Question

given that root P is an irrational number where p is an prime number prove that root 3 + root 5 is irrational​

Answer 1

Answer:

If possible,let √p be a rational number.

also a and b is rational.

then,√p = a/b

on squaring both sides,we get,

(√p)²= a²/b²

→p = a²/b²

→b² = a²/p [p divides a² so,p divides a]

Let a= pr for some integer r

→b² = (pr)²/p

→b² = p²r²/p

→b² = pr²

→r² = b²/p [p divides b² so, p divides b]

Thus p is a common factor of a and b.

But this is a contradiction, since a and b have no common factor.
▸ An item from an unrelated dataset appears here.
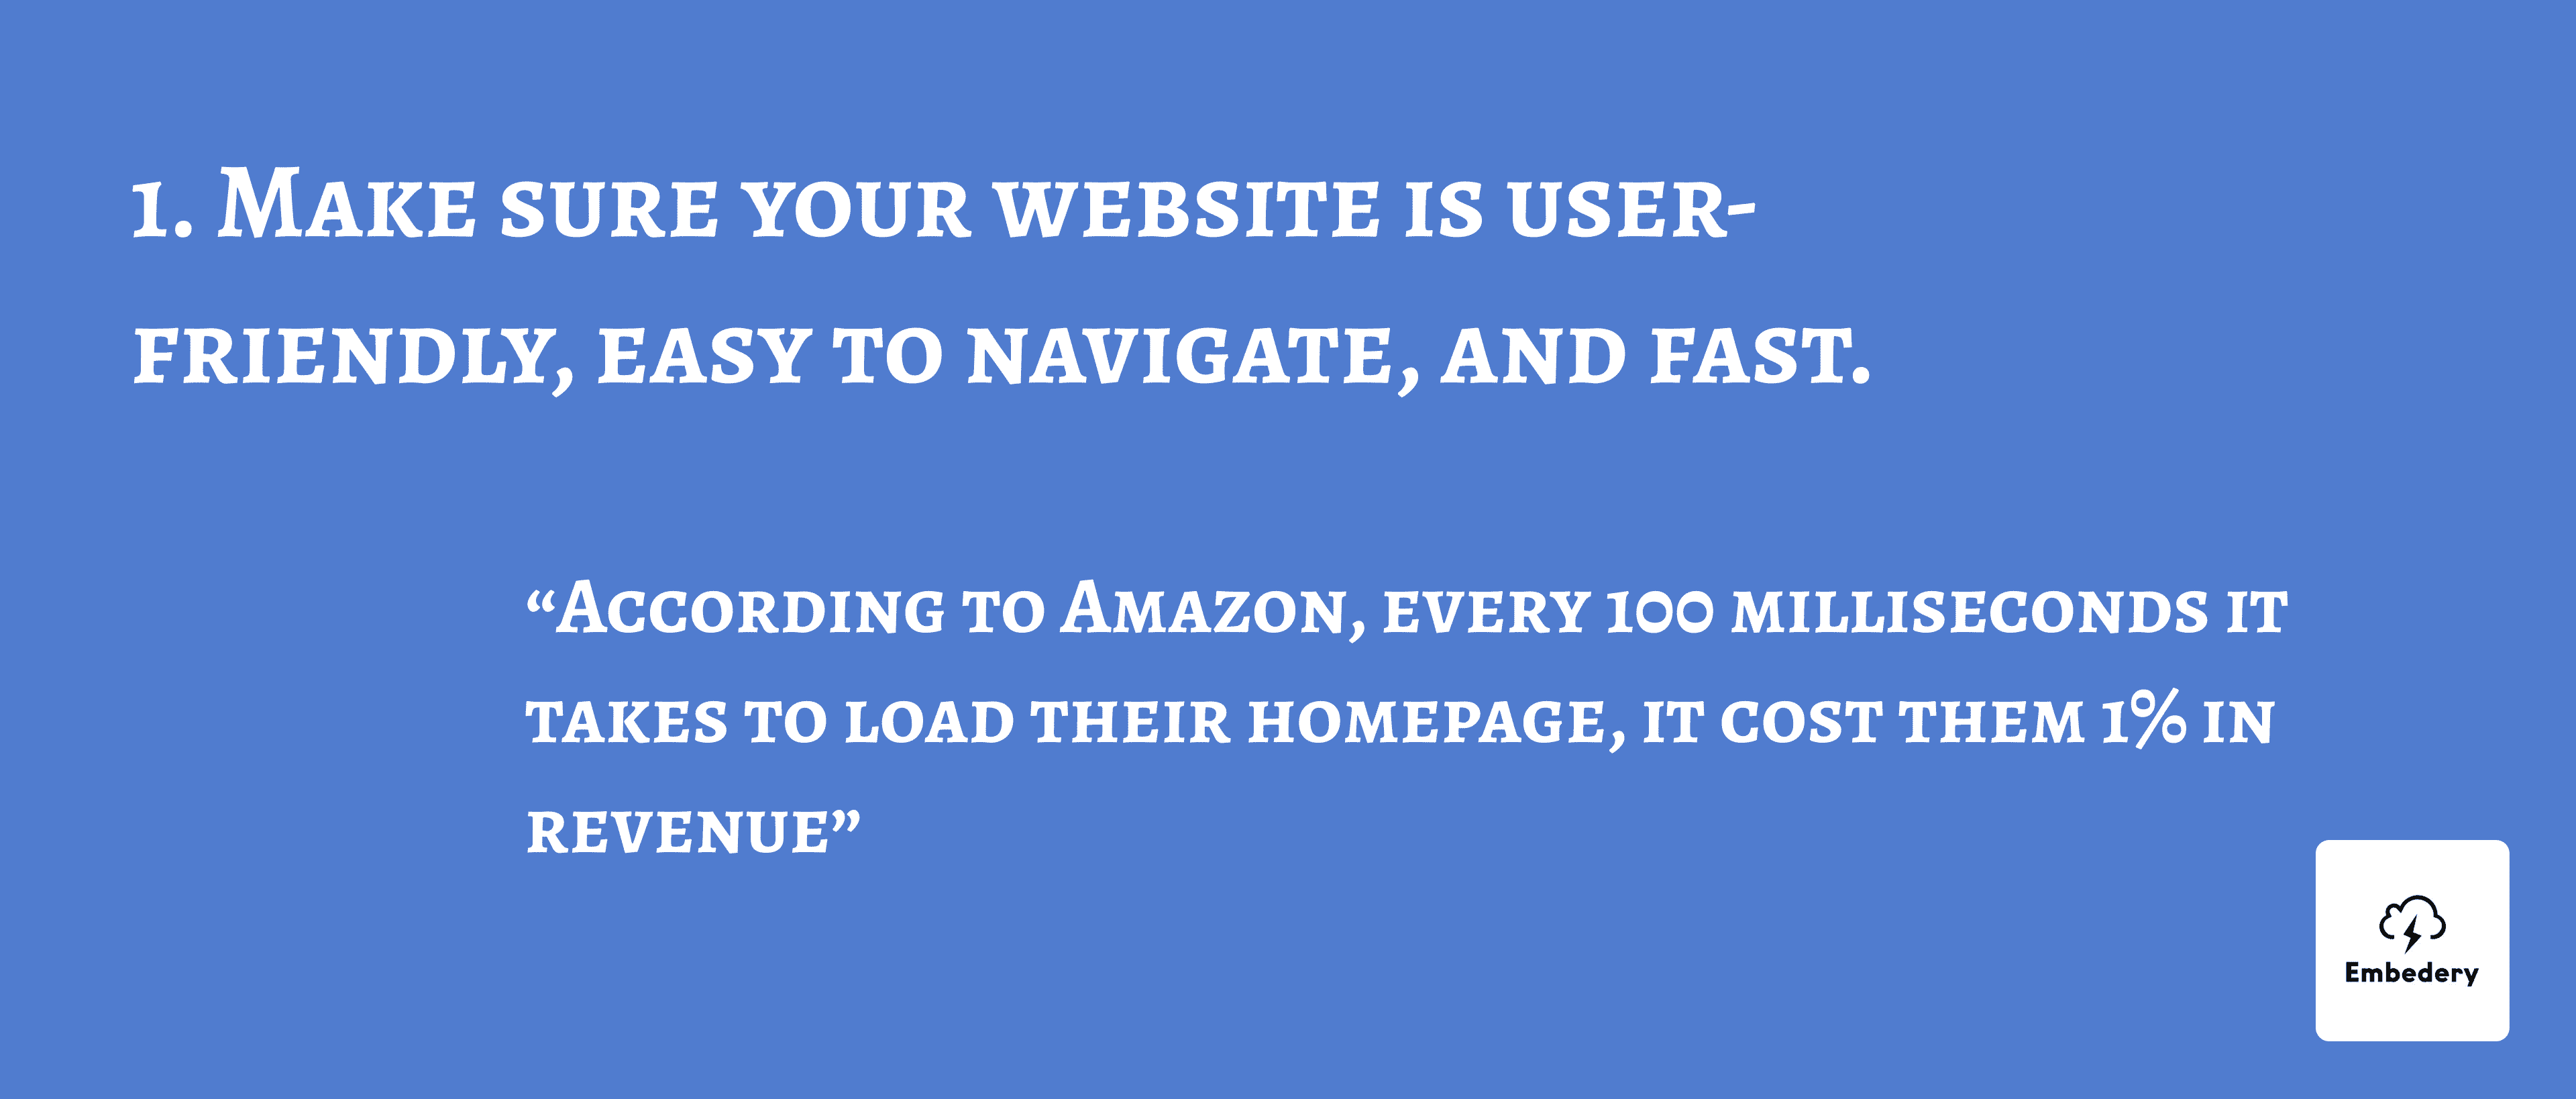 Make sure your website is user-friendly, easy to navigate, and fast
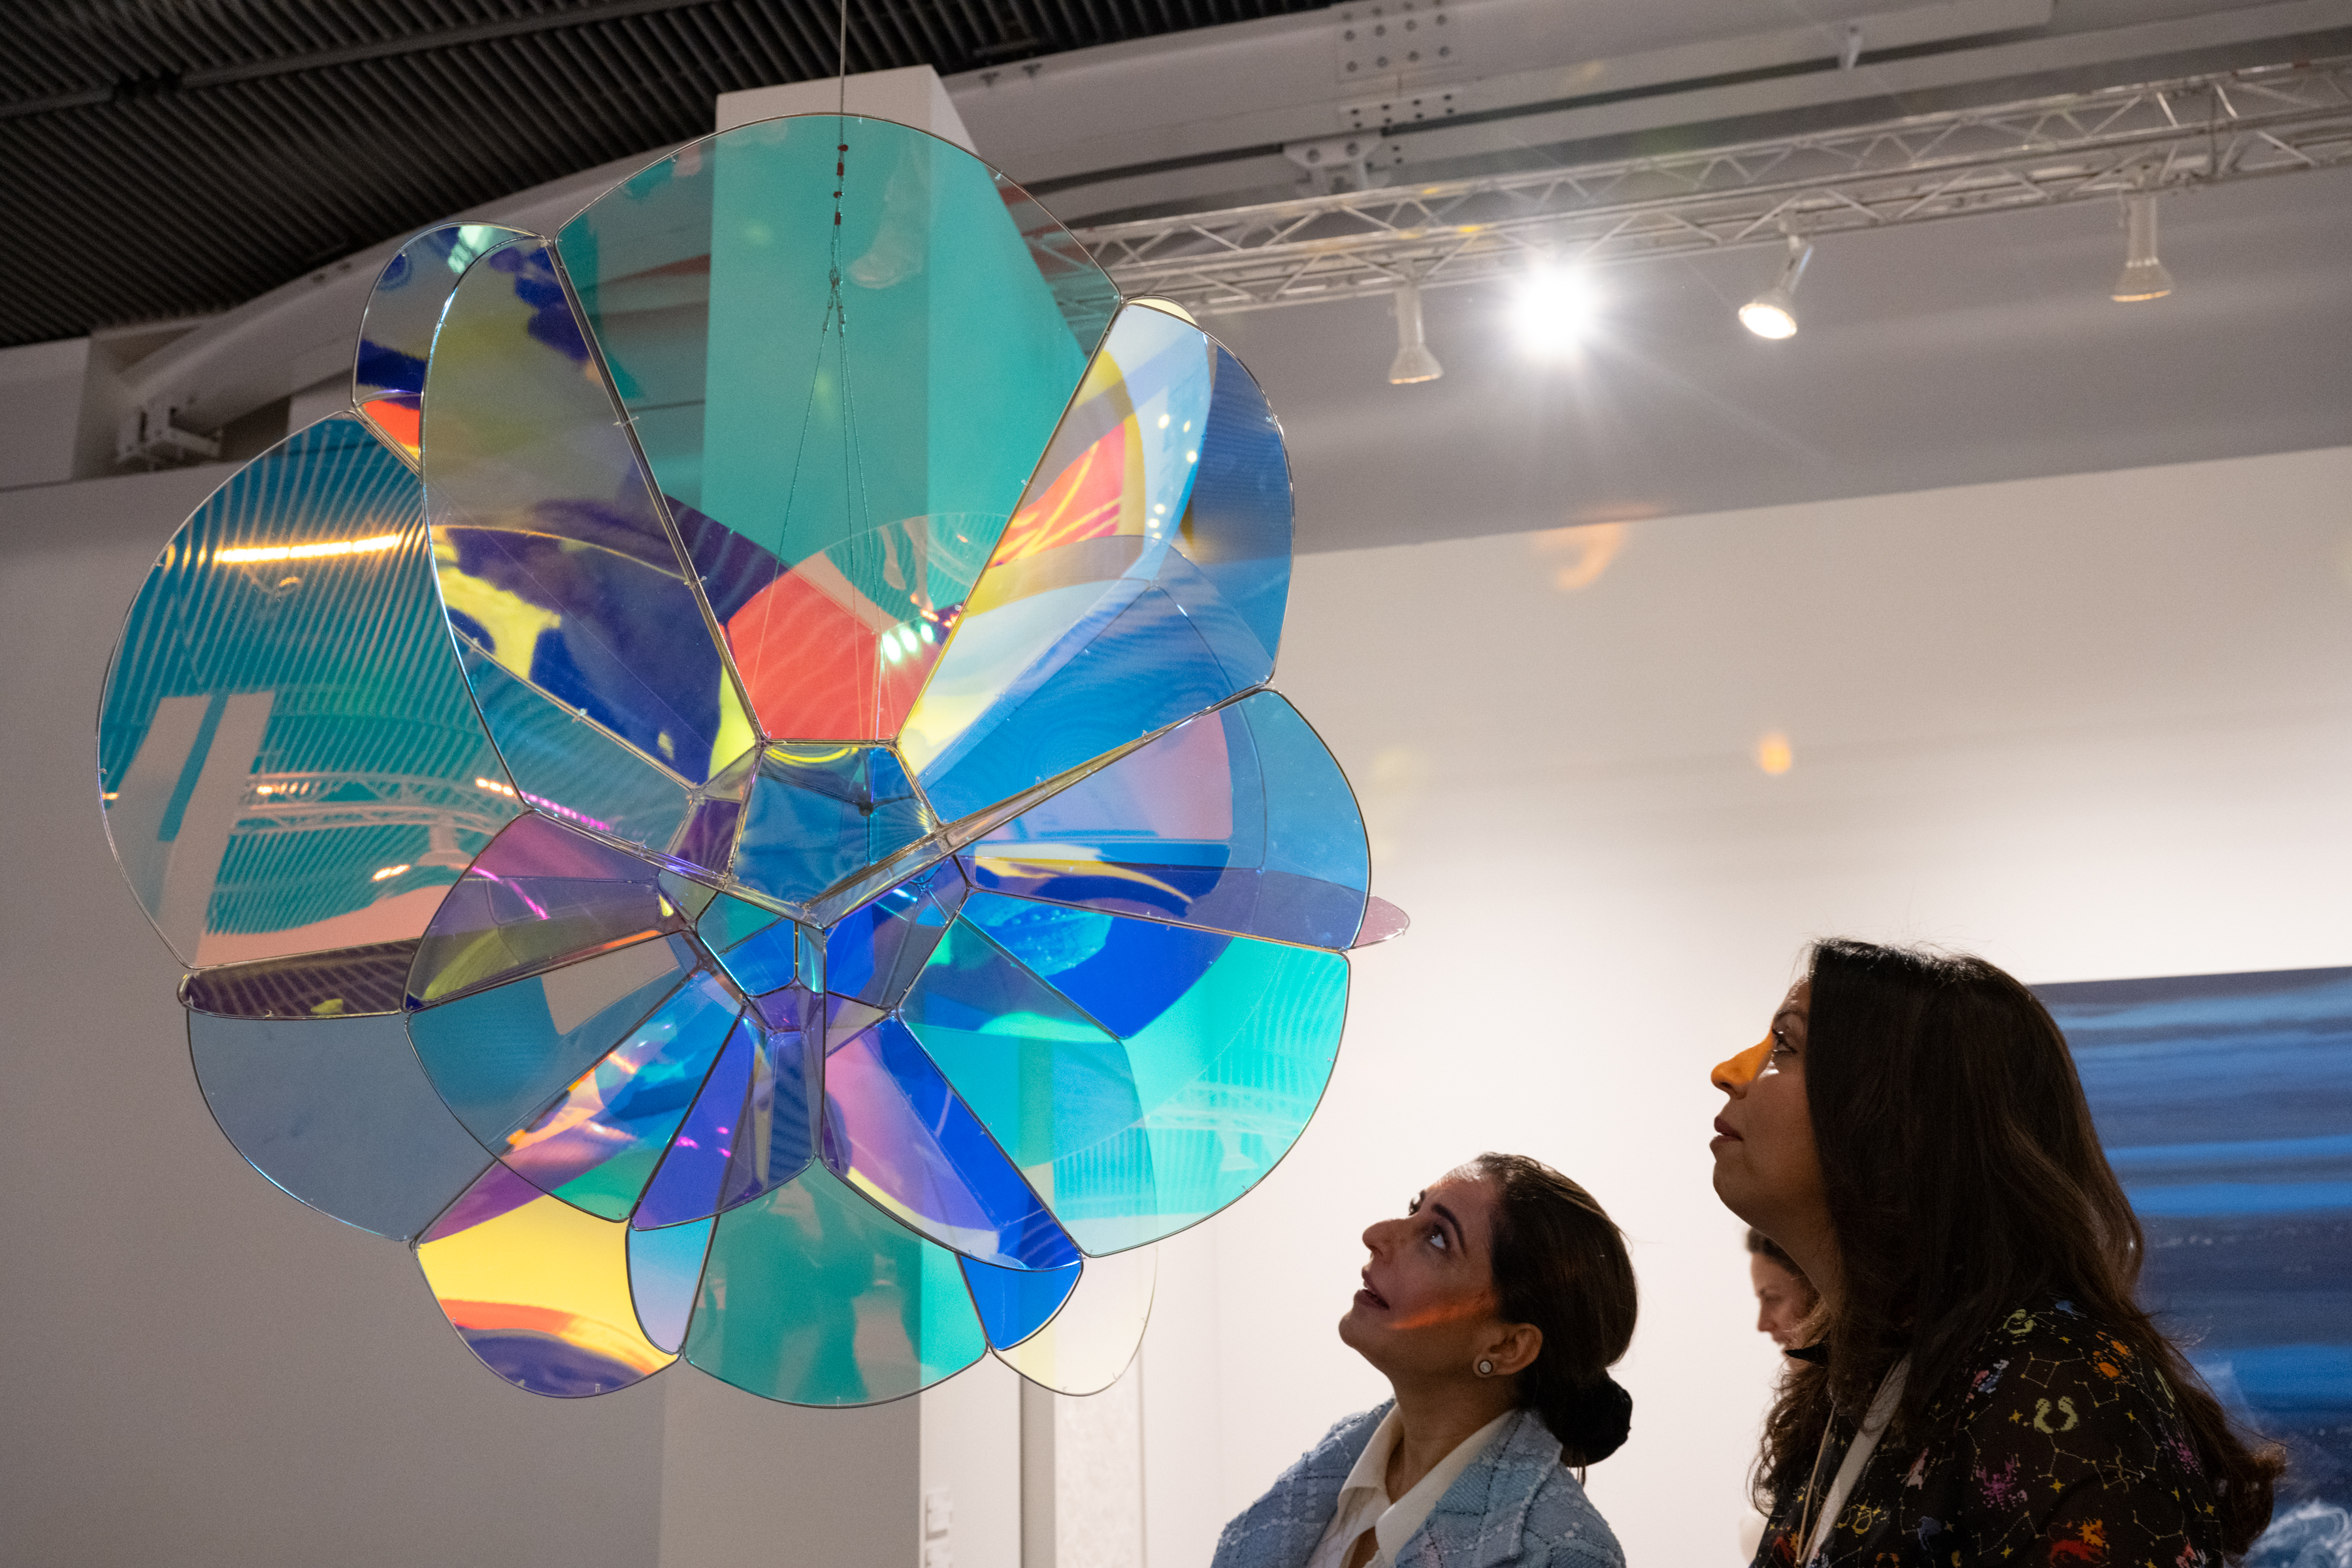 Art fair goers look at a colorful hanging sculpture of shimmering multicolor plexiglass

This contradiction arises by assuming √p a rational number.

Hence,√p is irrational.

Answer 2

Answer:

Let$\sqrt{p}$be a rational number and

$\sqrt{p} = \frac{a}{b}$

$p = \frac{ {a}^{2} }{ {b}^{2} }$

${a}^{2} = p \times {b}^{2}$

Therefore p divides ${a}^{2}$

But when a prime number divides the product of two numbers, it must divide atleast one of them.

Here ${a}^{2} = a \times a$

p divides a

Let $a = pk......(1)$

${p}^{2} {k}^{2} =p {b}^{2}$

So,

$\: \: {b}^{2} = p {k}^{2}$

p divides ${b}^{2}$

But

${b}^{2} = b \times b$

Therefore p divides b

Thus, a and b have atleast one common multiple p But it arises the contradiction to our assumption that a and b are coprime.

Thus, our assumption is wrong and

$\sqrt{p}$ is irrational number.

So we can say $\sqrt{3}$

and $\sqrt{5}$are irrational number.

We know that sum of two irrational number is also a irrational number.

So,$\sqrt{3} + \sqrt{5}$is a irrational number [proved].